The thing is... once you get to bigger numbers, that are harder to calculate, you would want to do basic addition, from right to left. So you have 2 options, either do it in your mind, or type it down and reverse the number after, which is exactly what I have coded it to do.
It is reversing the number, using the normal algorithm for it, but there is one problem.
Normally, you go from right to left with the math, and type every digit down, and once you get to adding the last digits of the 2 numbers, if the sum of these 2 goes over 10, you just write the number before the other digits
Ex:
567 + 723
1. 7 + 3 => 0 Number = 0
2. 6 + 2 = 8 + the carried 1 = 9 Number = 90
3. 5 + 7 = 12 Number = 1290
In the input bar, you would type it like 0912, but that wouldn't work since the 12 has to be reversed as well into 21. Since I don't want this to be a nuisance for the player, the question is
How do I reverse the first digits 2 digits of a number?

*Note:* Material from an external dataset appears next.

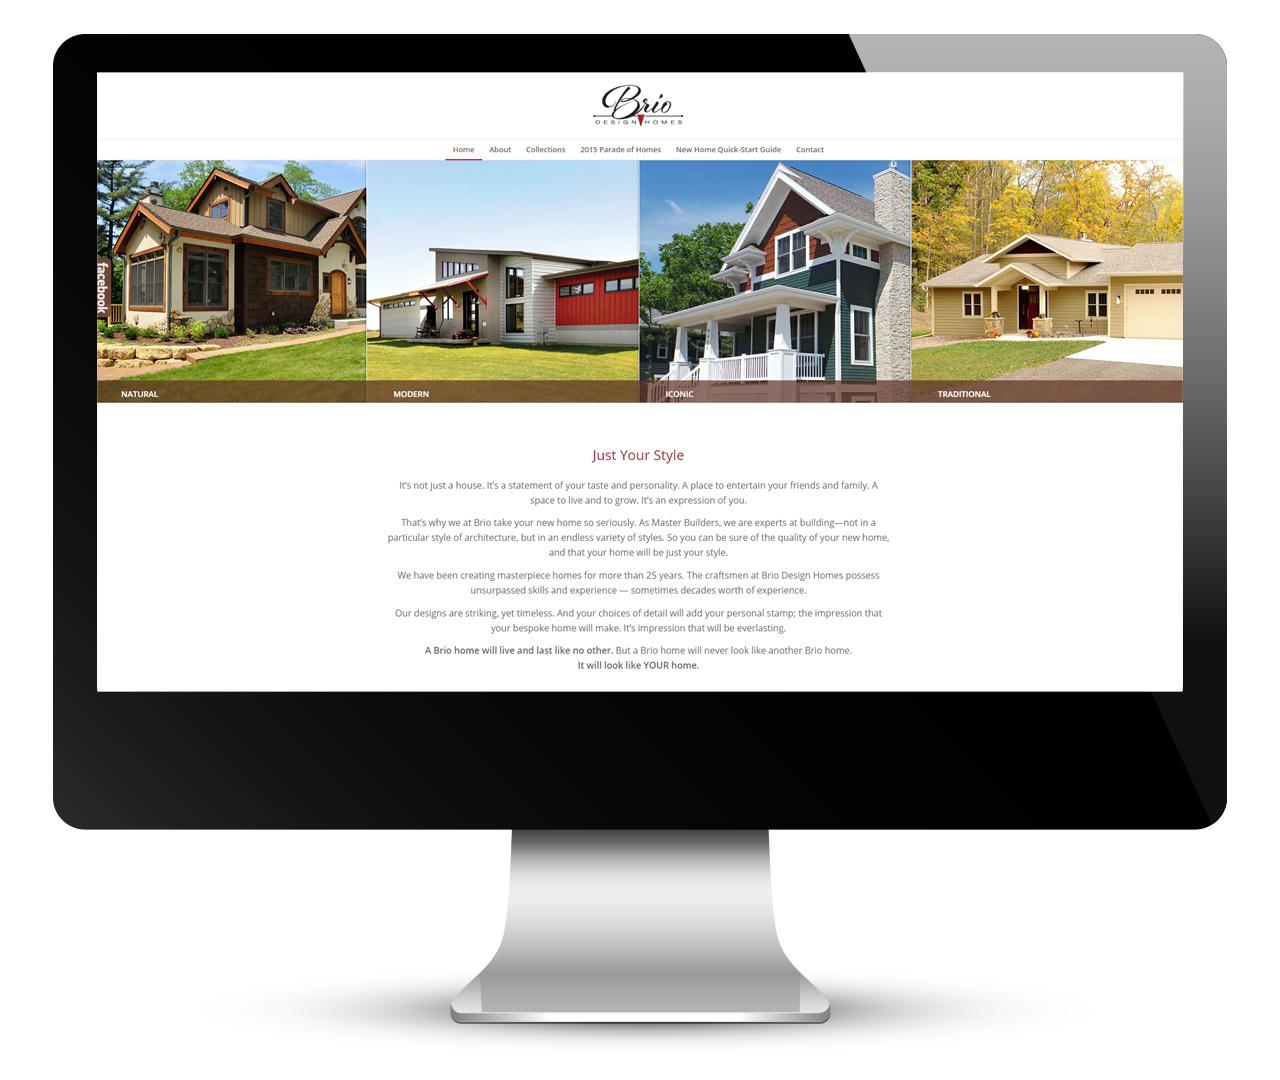 Brio Digital Marketing: Website Design, Slide 1

My guess would be adding 1 variable that stores the reversed sum of the numbers, and then 2 other variables storing the number after the first 2 digits in one, and the other one storing the first 2 digits and reversing them, then adding the first 2 digits reversed to the other part multiplied by 100
Even so, I don't believe it is my best options, since I can't be sure if the numbers are 3 digits with sum >999 or normal 4 digits with the sum <9999
If you have any better ideas, please tell me. If you have any questions about my code, I'll gladly post it My apologies if this is hard to understand, the human mind is hard to explain.
Upvotes: 1
Views: 869
Reputation: 67584
A relatively simple way is this (see it live here):
public static long SwapFirstTwoDigits(long val)
{
if(val < 10) return val;
long mask;
for(mask = 1; mask < val; mask *= 10) {}
mask /= 100; // two back
var firstTwoDigits = val / mask;
return val % mask + (firstTwoDigits % 10) * mask * 10 + firstTwoDigits / 10 * mask;
}
Basically you build the base 10 mask of all the digits you want to leave alone (so two behind the first two digits from the right) and simply swap the rest with modulo arithmetic.
Output from the linked fiddle:
Input: 1530, Output: 5130
Input: 16789, Output: 61789
Input: 34, Output: 43
Input: 3, Output: 3
Input: 0, Output: 0
Upvotes: 1